I love editing. It’s probably the most unique form of art ever created.

What’s so powerful about editing is that you can take an ordinary movie clip and make it look amazing. You can string together a bunch of ordinary movie clips, color correct, add music, and bam, you have a fantastic movie. It’s a powerful thing.

The thing is, movies are never made perfect. There are a ton of things that happen during filming that can only be fixed with editing. If the microphone picks up some irritating background noise, you can edit it out. If there’s a scene that is too dark, you can brighten it. If you really want to edit someone out because you don’t like them, then you can do it (but doing that takes way too long).

Editing takes a movie and gives it life. There are so many possibilities with editing. The artistic spectrum is ridiculously broad. There are a ton of different styles, defined simply by clip placement, timing, and use of music. It makes movies art.

I used to want to be an editor because I loved seeing movies unravel before me. Every time I make a video, I look forward to editing.
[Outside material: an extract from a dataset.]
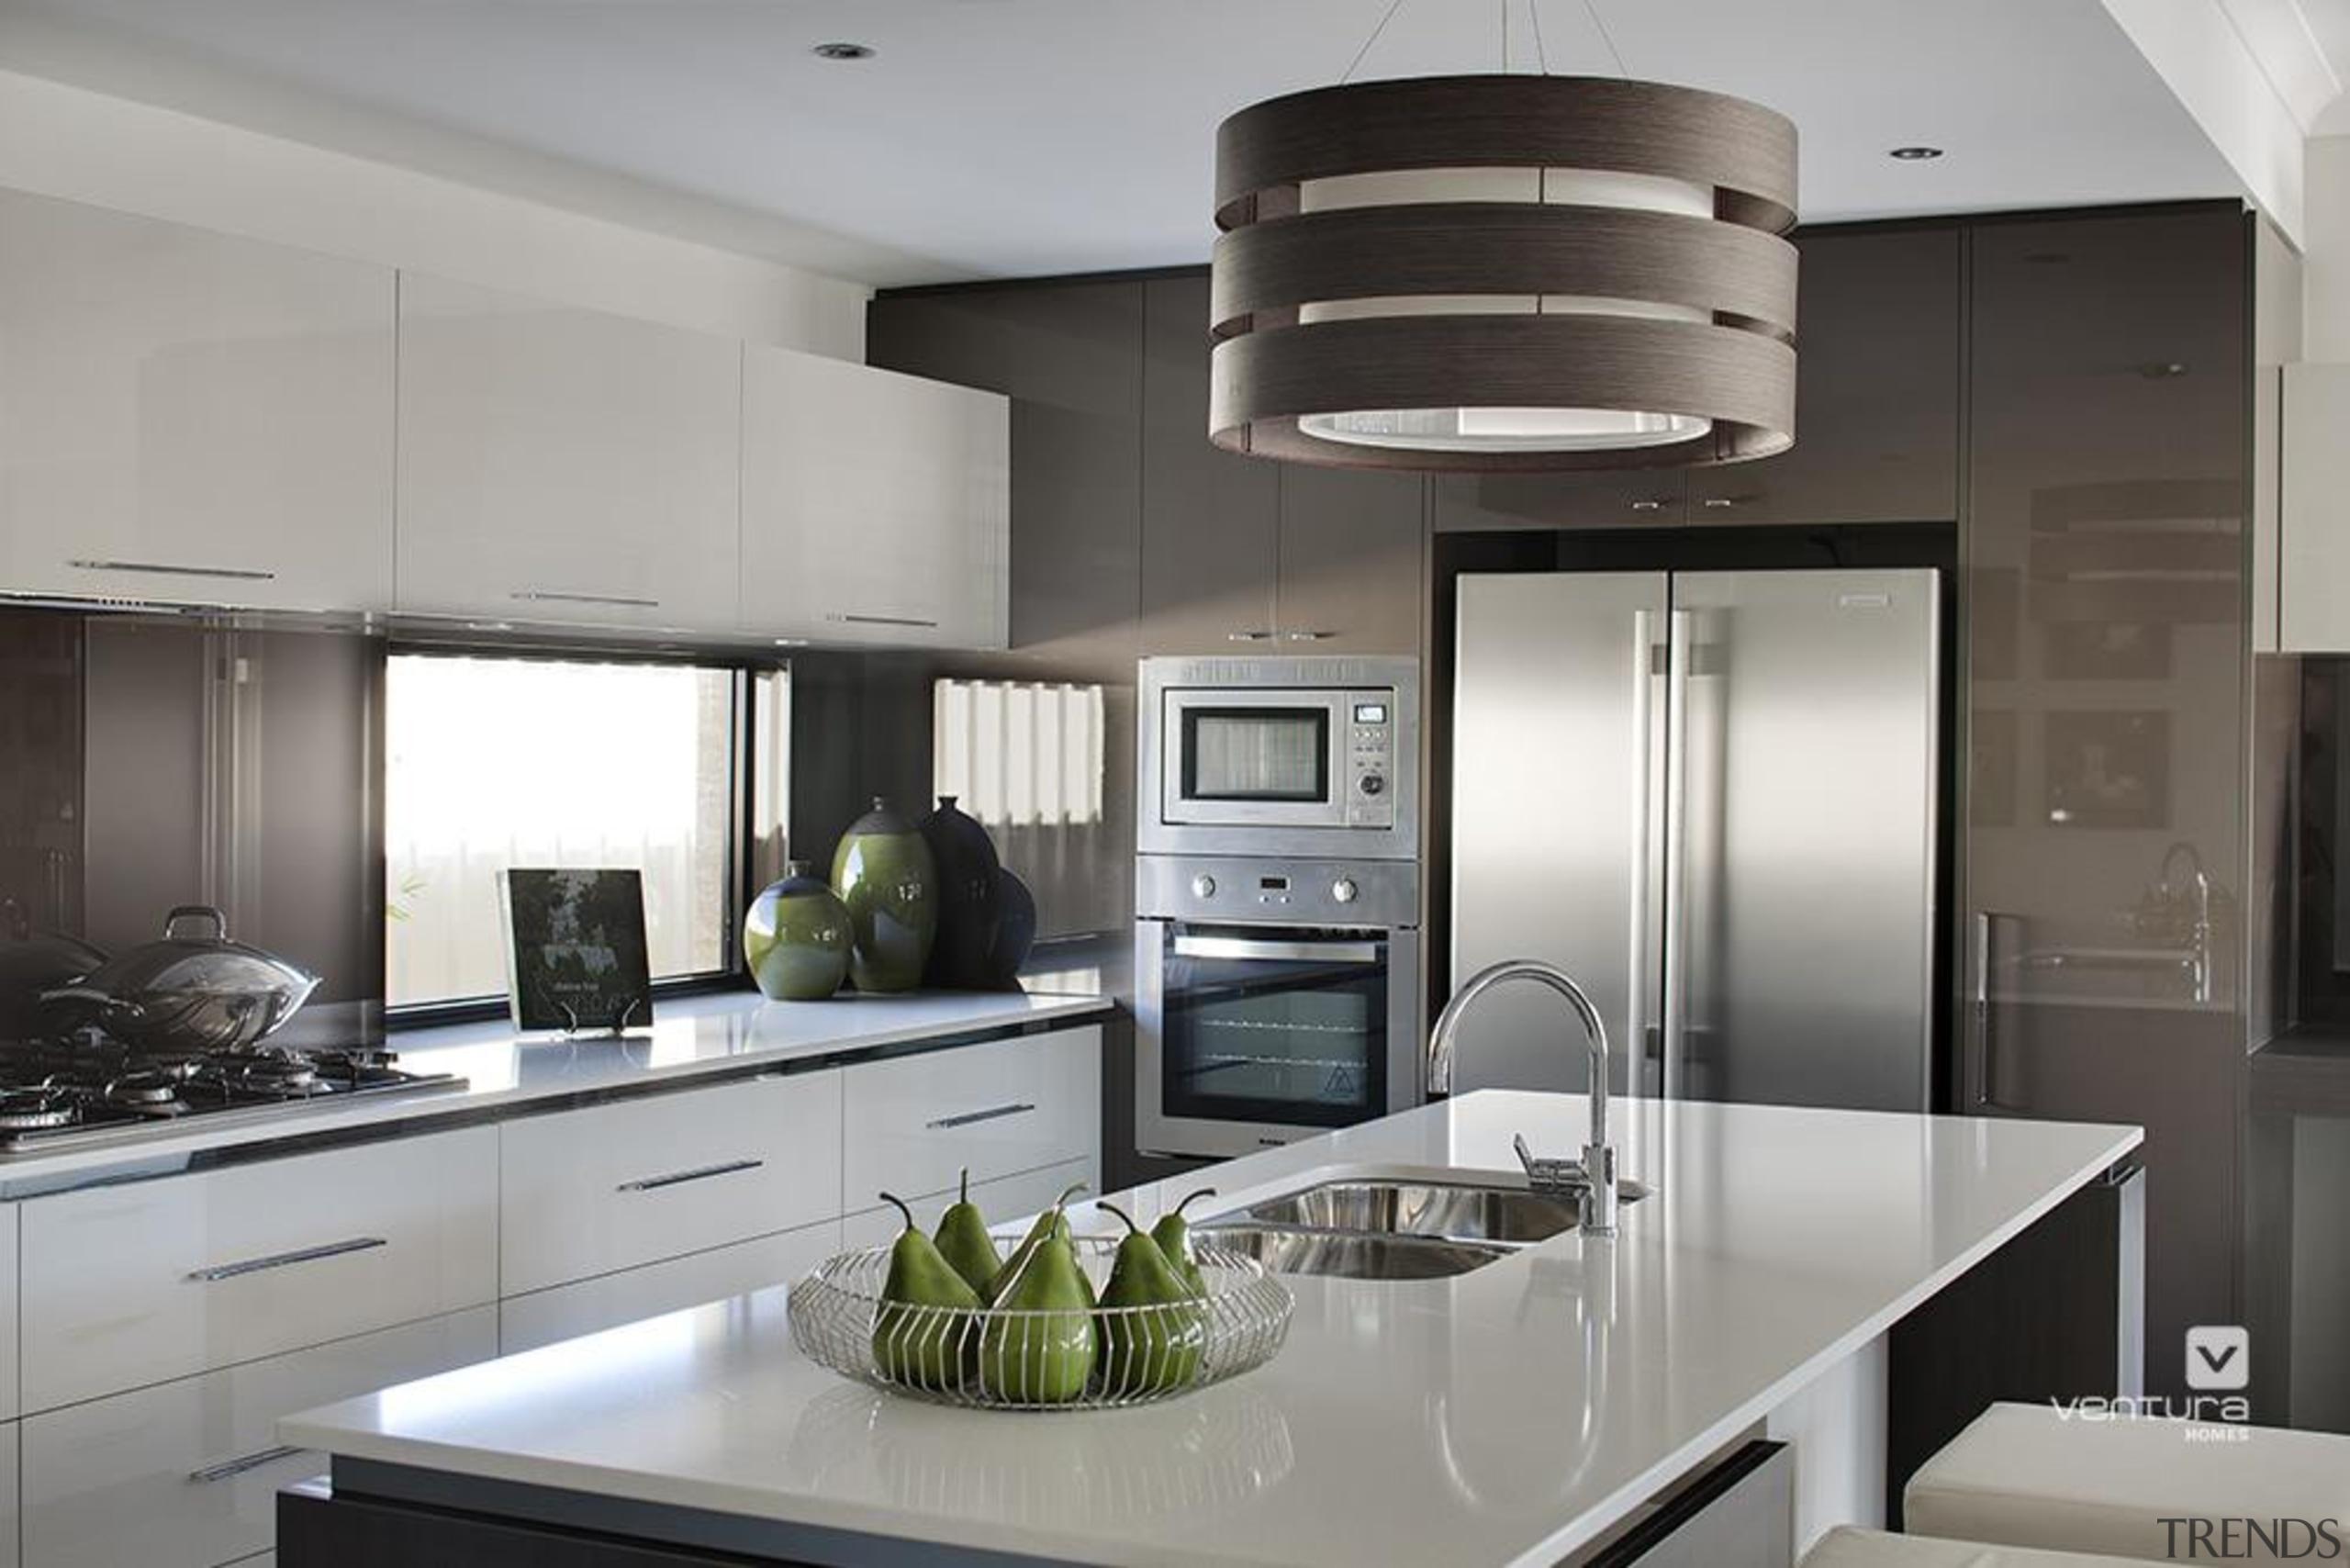 Kitchen design. - The Element Display Home - countertop, cuisine classique, home appliance, interior design, kitchen, gray

Sure, the raw footage sometimes looks good. But editing gives it life—it turns that footage into a living, breathing entity that tells a story. Without editing, movies would not look like they way they do. Special effects could not be achieved. Bad scenes would be preserved. Simply put, editing makes movies what they are.

Some of my videos, like UNDERFIRE War, started off looking like pure crap—we looked like such idiots, running around with Nerf guns and pretending to shoot each other. That video is intense because of editing. The music, the sound effects, the pace of the action, the intensity, are all achieved through editing. It’s unlike anything else.

Some may not enjoy editing as much as I do. But everyone should appreciate how much video editing does for movies. It’s not easy, and it’s not a fast process, but damn, it sure does deliver.